Working with Chris Peterson, Seligman’s coauthor on Character Strengths and Virtues, Duckworth developed a test to measure grit, which she called the Grit Scale. It is a deceptively simple test, just twelve brief statements on which respondents must evaluate themselves, including “New ideas and projects sometimes distract me from previous ones”; “Setbacks don’t discourage me”; “I am a hard worker”; and “I finish whatever I begin.”
For each statement, respondents score themselves on a five-point scale, ranging from 5, “very much like me,” to 1, “not like me at all.” The test takes about three minutes to complete, and it relies entirely on self-report—and yet when Duckworth and Peterson took it out into the field, they found it was remarkably predictive of success.
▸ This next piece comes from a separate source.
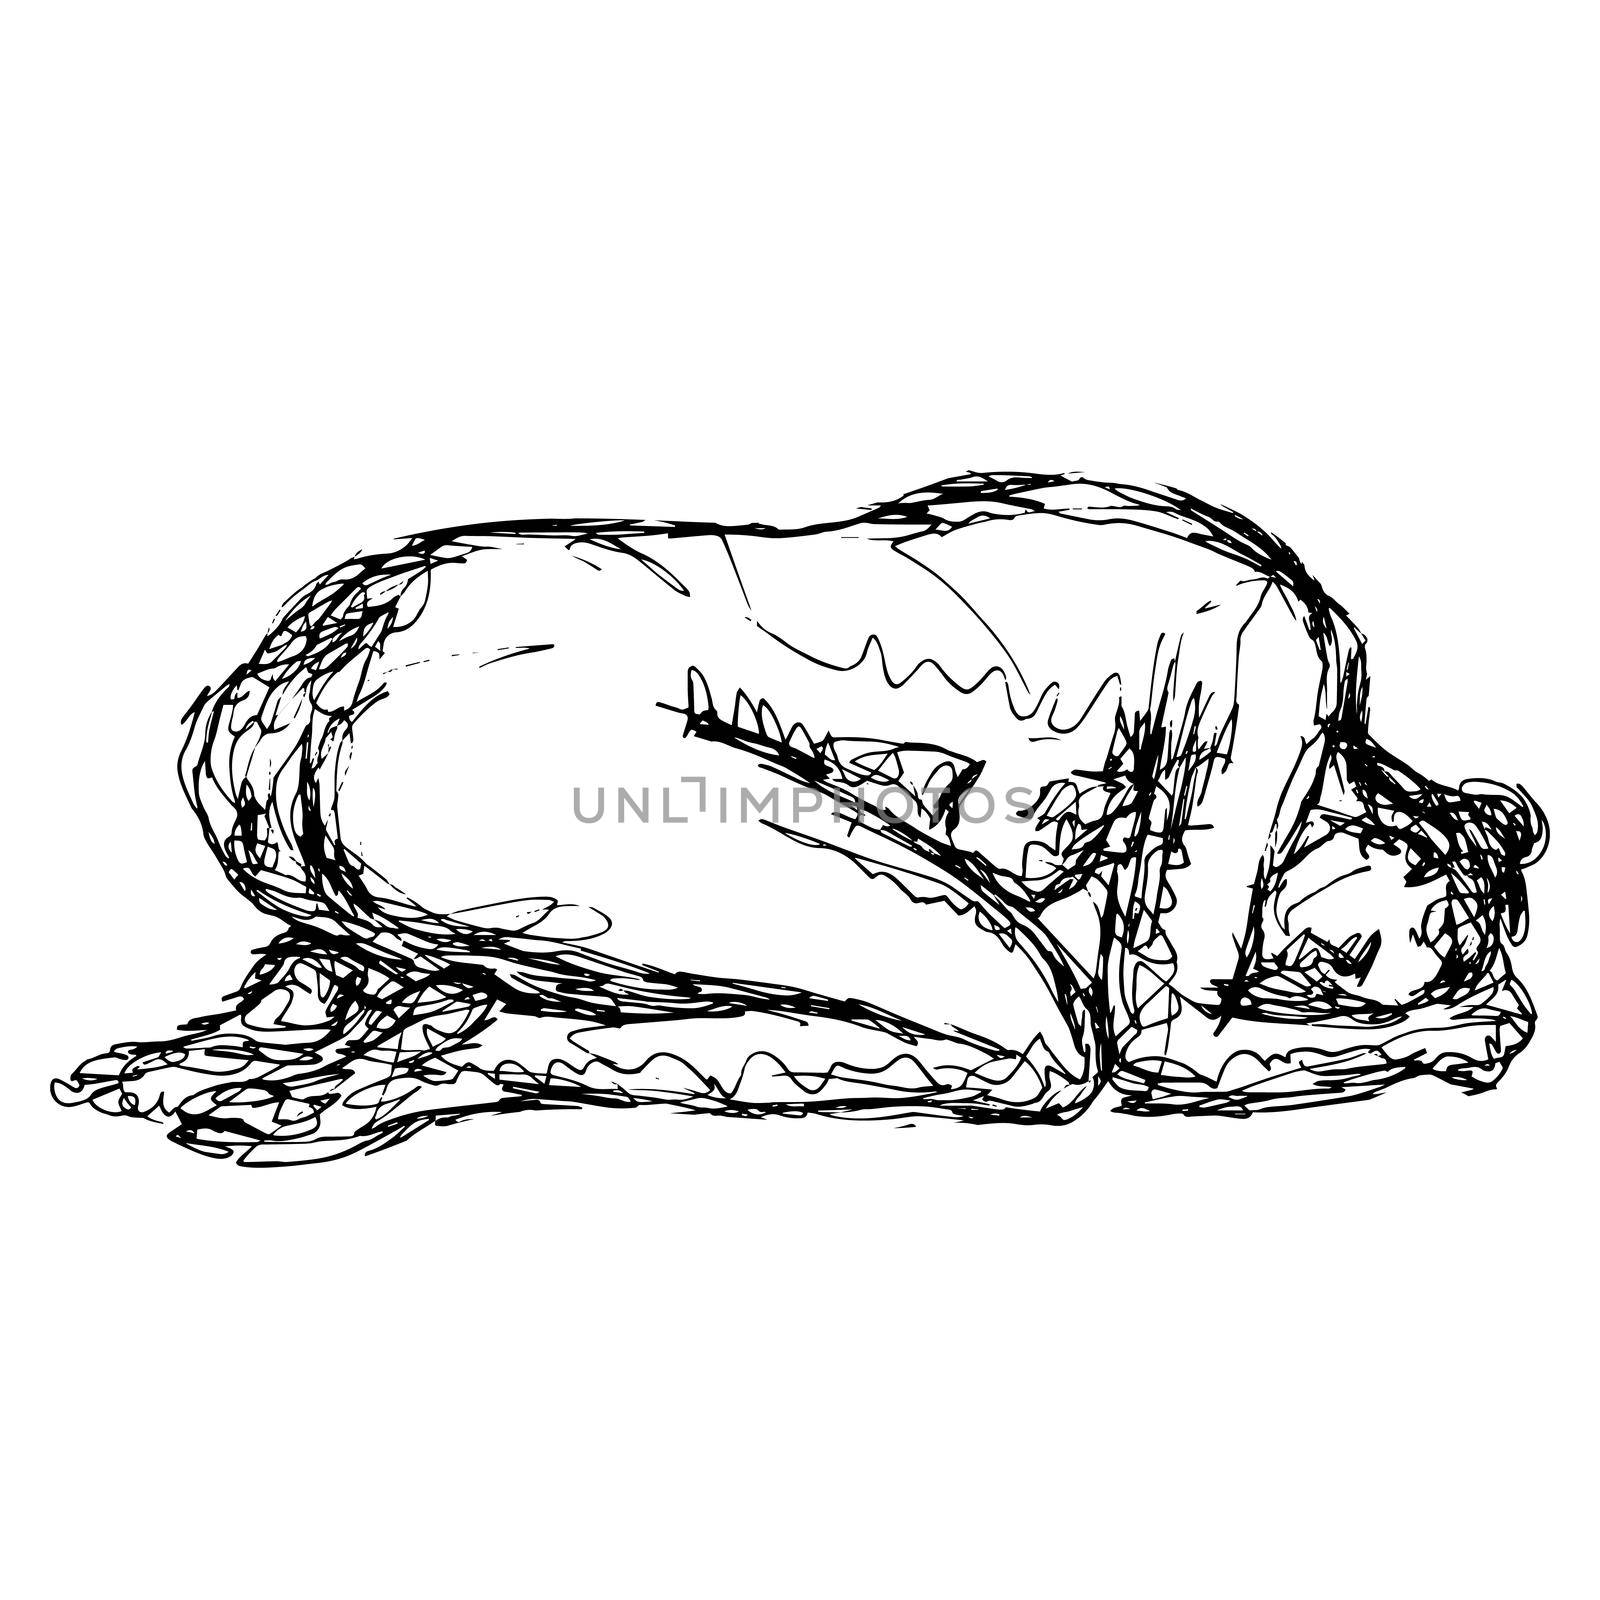 Nude Female Human Figure in Prone Position Doodle Art Continuous Line Drawing  by patrimonio

Grit, Duckworth discovered, is only faintly related to IQ—there are smart gritty people and dumb gritty people—but at Penn, high grit scores allowed students who had entered college with relatively low college-board scores to nonetheless achieve high GPAs. At the National Spelling Bee, Duckworth found that children with high grit scores were more likely to survive to the later rounds. Most remarkable, Duckworth and Peterson gave their grit test to more than twelve hundred freshman cadets as they entered the military academy at West Point and embarked on the grueling summer training course known as Beast Barracks. The military has developed its own complex evaluation, called the whole candidate score, to judge incoming cadets and predict which of them will survive the demands of West Point; it includes academic grades, a gauge of physical fitness, and a leadership potential score. But the more accurate predictor of which cadets persisted in Beast Barracks and which ones dropped out turned out to be Duckworth’s simple little twelve-item grit questionnaire.